The California Court of Appeal, Fifth District, recently held that a creditor waived its right to a deficiency judgment, because it violated the security first principle in Cal. Code Civ. P. § 726(a) by releasing its interest in a part of its collateral without the consent of all debtors and before foreclosing on the remaining parcel.
A copy of the opinion is available at: http://www.courts.ca.gov/opinions/documents/F067812.PDF
A bank (“Bank”) filed a judicial foreclosure action to collect a loan secured by two parcels of real estate. The loan was made to a husband and wife and, after the husband died, the loan went into default. Bank and wife agreed to a short sale of one of the parcels that was her separate property. Afterward, Bank foreclosed on the remaining parcel and obtained a deficiency judgment against the representatives of the husband’s estate (“Appellants”) only, as a deficiency judgment was not allowed against the wife because of her bankruptcy.
As you may recall, California generally does not allow deficiency judgments after most residential foreclosures. See Cal. Code Civ. P. § 580b. Creditors seeking deficiency judgments must first exhaust all real property security to qualify for a deficiency judgment, and such exhaustion of the real property collateral must be through a single judicial foreclosure lawsuit. See Cal. Code Civ. P. § 726. These requirements in section 726 are referred to as the “one form of action” rule.
The consequence of not following the “one form of action” rule is a waiver of the creditor’s rights to a deficiency judgment. Additionally, if any of the real property collateral is exhausted through any other means, such as a private sale without the consent of the debtors, a deficiency judgment is barred. See, e.g., Pacific Valley Bank v. Schwenke (1987) 189 Cal.App.3d 134, 145.
Additionally, California protects debtors liable for deficiency judgments from low bids at the judicial foreclosure auction, by limiting the amount of the deficiency judgment to the difference between the fair value of the property and the amount of the indebtedness. See Cal. Code Civ. P. § 726(b). A second protection is the right to redeem the property based on the foreclosure sale price, not the amount of the secured debt. See Cal Code Civ. P. § 726(e).
On appeal, Appellants argued that the trial court erred by holding them liable for a deficiency judgment because Bank waived its right to a deficiency when it violated the “security first” rule. By agreeing to a short sale of the second parcel without their consent, the Appellants argued that Bank deprived them of the protections they would have had if the second parcel had been included in the judicial foreclosure action. The Appellate Court agreed.
Relying on Schwenke, the Appellate Court held that the security first principle in section 726(a) barred any liability for deficiency because Bank, without consent of the Appellants, released part of the security for the note when it allowed the wife to sell the second parcel in a private sale.

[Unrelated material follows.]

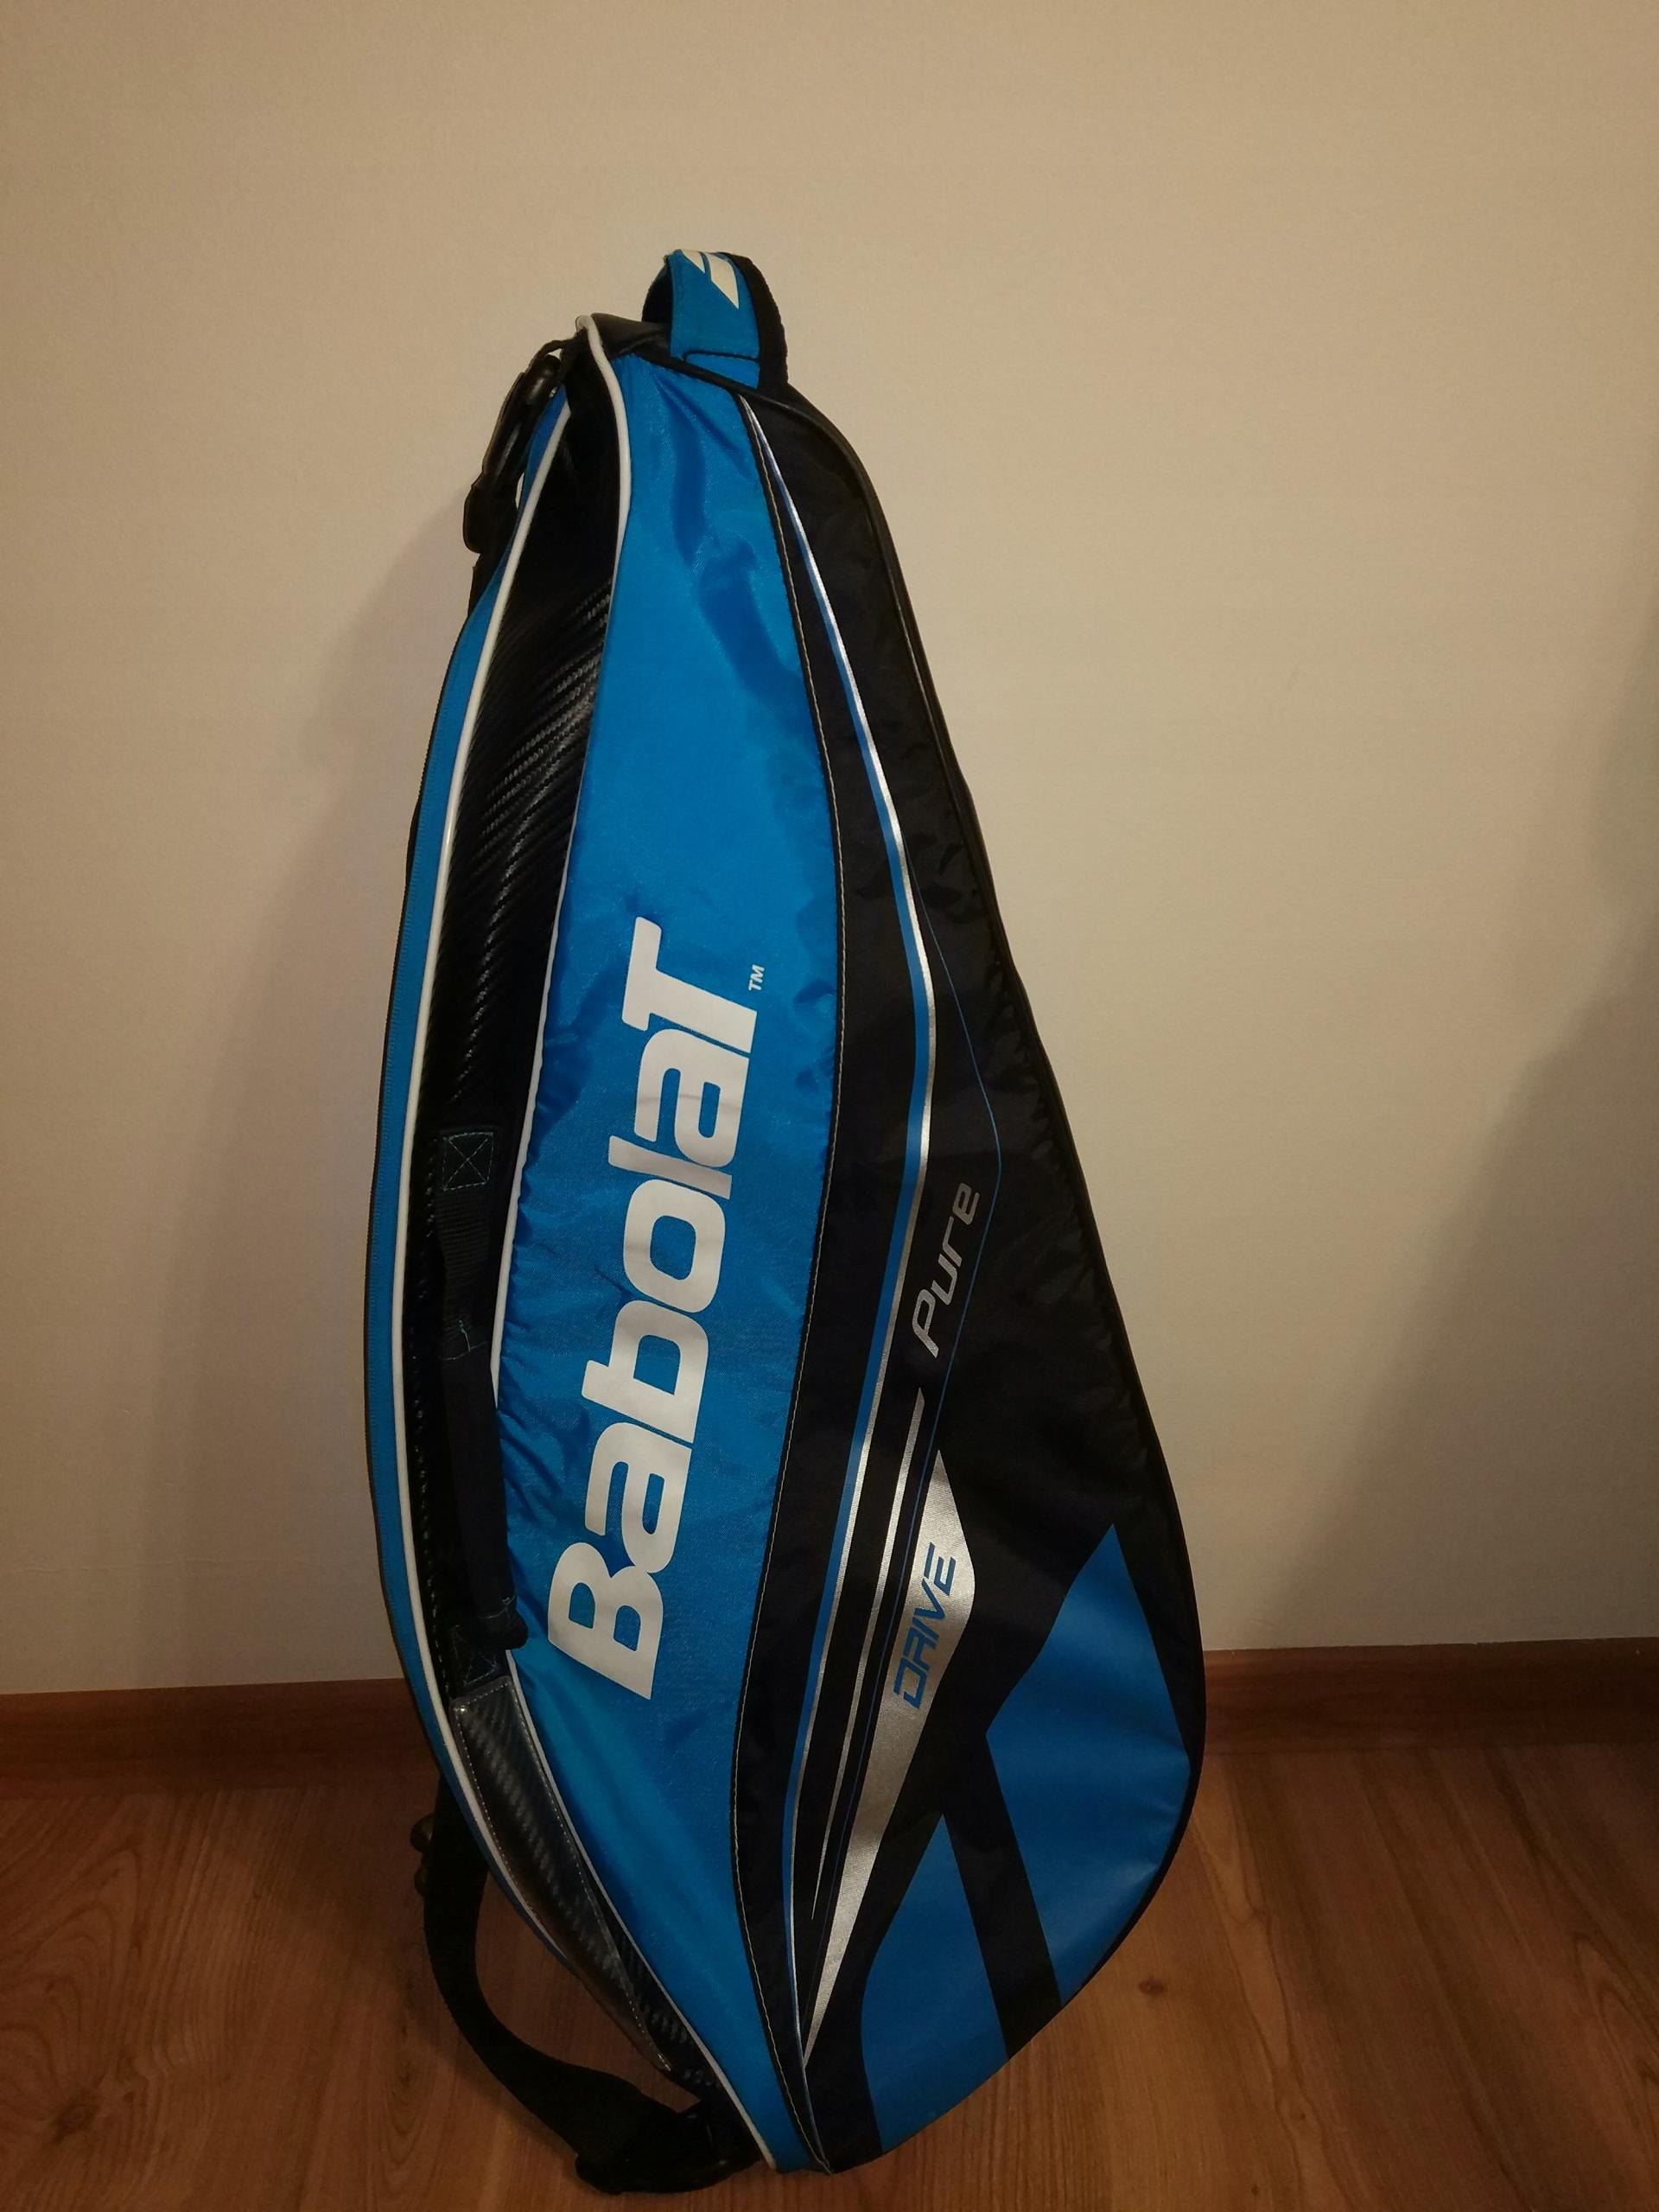 Torba tenisowa Babolat Thermobag x3 Pure Drive

In so ruling, the Appellate Court rejected Bank’s argument that Schwenke was bad law or that the Court should recognize an exception to the consent requirement. Relying on numerous Court of Appeal decisions that cited Schwenke and referred to its consent requirement, the Appellate Court concluded that Schwenke “is consistent with the statutory language and the concepts underlying the security first principle.”
The Appellate Court also rejected Bank’s attempt to distinguish Schwenke, by arguing that Schwenke is unreliable in the absence of cases involving loans with multiple debtors secured by more than one parcel of real property. The lack of further appellate decisions since Schwenke, according to the Appellate Court, showed that “bankers and their lawyers have had little trouble applying the rule of law that consent of all debtors must be obtained by the creditor before releasing any parcels securing the loan.”
In short, the Appellate Court concluded that a creditor and one of the debtors should not be able to modify the contractual obligations of the co-debtors without the co-debtor’s consent to that modification.
Bank presented an alternate argument that did not involve the co-debtor’s consent, contending that “security” for purposes of the “security first” principle is determined at the time of the filing of the action, not when the loan was executed. Bank supported its argument by citing Bank of America v. Graves (1996) 51 Cal.App.4th 607, which held that where the value of the security has been lost through no fault of the creditor, the creditor may bring a personal action on the debt on the theory that if the security become valueless at the time the action is commenced, the debt is no longer secured.
The argument was rejected by the Appellate Court for two reasons. First, the security for the loan, which included two parcels, had not been lost or became valueless at the time Bank commenced its foreclosure. A judicial foreclosure action on the remaining parcel rather than a personal action on the debt was appropriate. Second, the parcel sold in the short sale was not exhausted or lost through no fault of Bank. Instead, Bank released its deed of trust pursuant to its agreement with the wife, without the consent of the Appellants. For these reasons, the Appellate Court held that the principles in Grave regarding valueless or lost security did not apply.
Accordingly, the Appellate Court reversed the trial court’s order granting the motion for summary adjudication and the related decree for judicial foreclosure and writ of sale, and remanded the matter to the superior court with instructions to enter an order denying the motion for summary adjudication.